GGUFSolver is a question-answering module that utilizes GGUF models to provide responses to user queries. This solver streams utterances for real-time interaction and is built on the ovos_plugin_manager.templates.solvers.QuestionSolver framework.

Features

  • Supports loading GGUF models from local files or remote repositories.
  • Streams partial responses for improved interactivity.
  • Configurable persona and verbosity settings.
  • Capable of providing spoken answers.

Configuration

GGUFSolver requires a configuration dictionary. The configuration should at least specify the model to use. Here is an example configuration:

cfg = {
    "model": "TheBloke/notus-7B-v1-GGUF",
    "remote_filename": "*Q4_K_M.gguf"
}
  • model: The identifier for the model. It can be a local file path or a repository ID for a remote model.
  • n_gpu_layers: how many layer to offload to GPU, -1 to offload all. default 0
  • remote_filename: The specific filename to load from a remote repository.
  • chat_format: (Optional) Chat formatting settings.
  • verbose: (Optional) Set to True for detailed logging.
  • persona: (Optional) Persona for the system messages. Default is "You are a helpful assistant who gives short factual answers".
  • max_tokens: (Optional) Maximum tokens for the response. Default is 512.

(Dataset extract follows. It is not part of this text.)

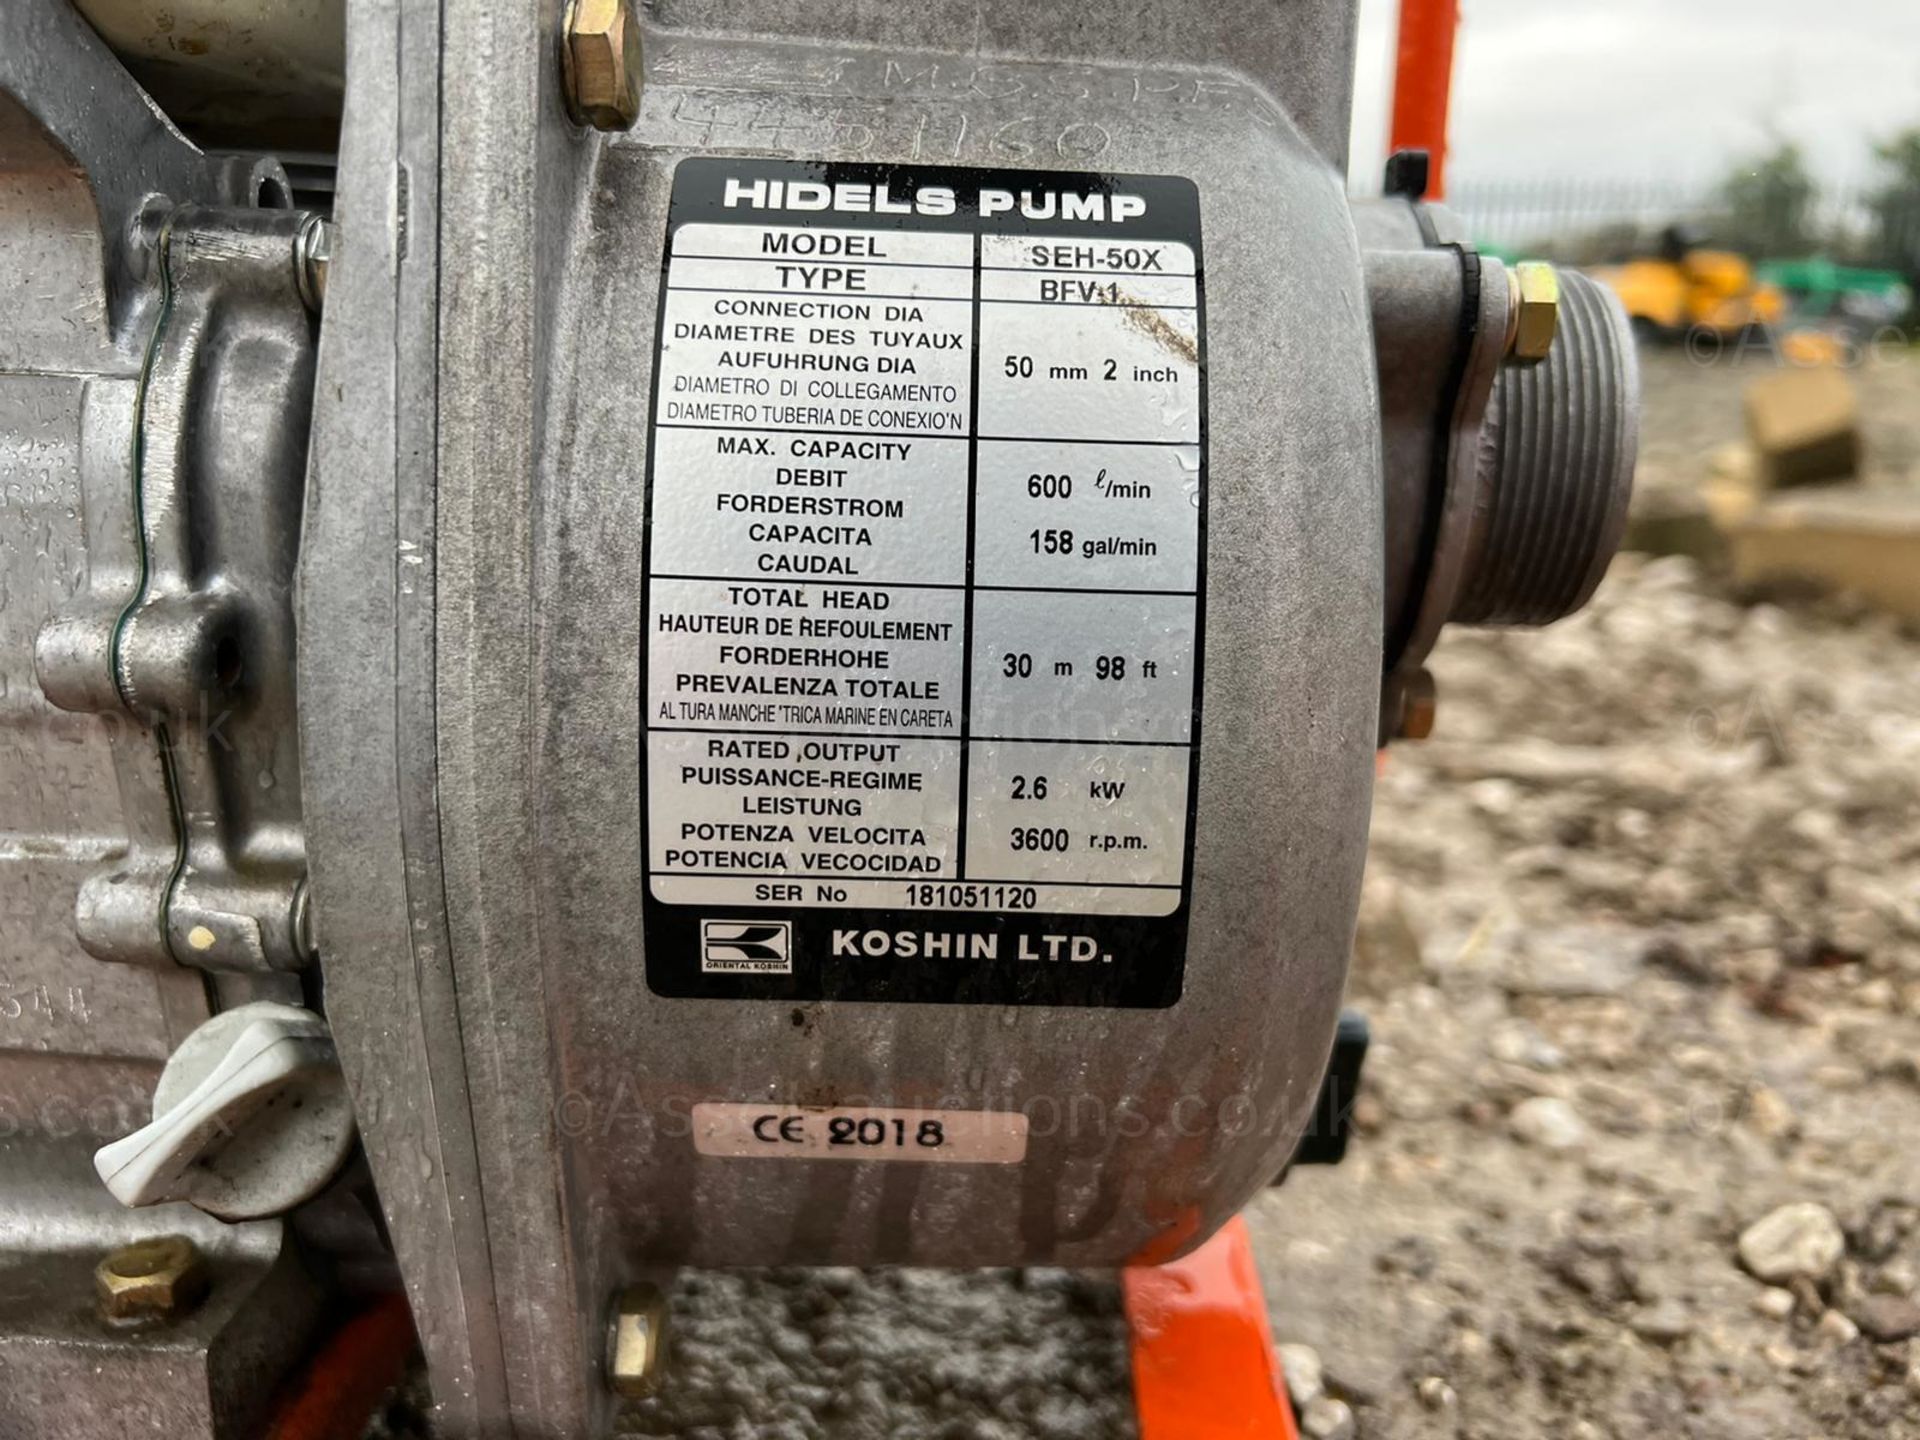 2018 HONDA 2" WATER PUMP, IN WORKING ORDER, HONDA GX120 ENGINE *PLUS VAT* - Image 7 of 7

NOTE: for GPU support llama.cpp needs to be compiled with

CMAKE_ARGS="-DGGML_CUDA=on" FORCE_CMAKE=1 pip install llama-cpp-python --force-reinstall --no-cache-dir

Usage

Initializing the Solver

from ovos_gguf_solver import GGUFSolver
from ovos_utils.log import LOG

LOG.set_level("DEBUG")

cfg = {
    "model": "TheBloke/notus-7B-v1-GGUF",
    "remote_filename": "*Q4_K_M.gguf"
}

solver = GGUFSolver(cfg)

Streaming Utterances

Use the stream_utterances method to stream responses. This is particularly useful for real-time applications such as voice assistants.

query = "tell me a joke about aliens"
for sentence in solver.stream_utterances(query):
    print(sentence)

Getting a Full Answer

Use the get_spoken_answer method to get a complete response.

query = "What is the capital of France?"
answer = solver.get_spoken_answer(query)
print(answer)

Integrating with Persona Framework

To integrate GGUFSolver with the OVOS Persona Framework and pass solver configurations, follow these examples.

Each example demonstrates how to define a persona configuration file with specific settings for different models or configurations.

To use any of these configurations, run the OVOS Persona Server with the desired configuration file:

$ ovos-persona-server --persona gguf_persona_remote.json

Replace gguf_persona_remote.json with the filename of the configuration you wish to use.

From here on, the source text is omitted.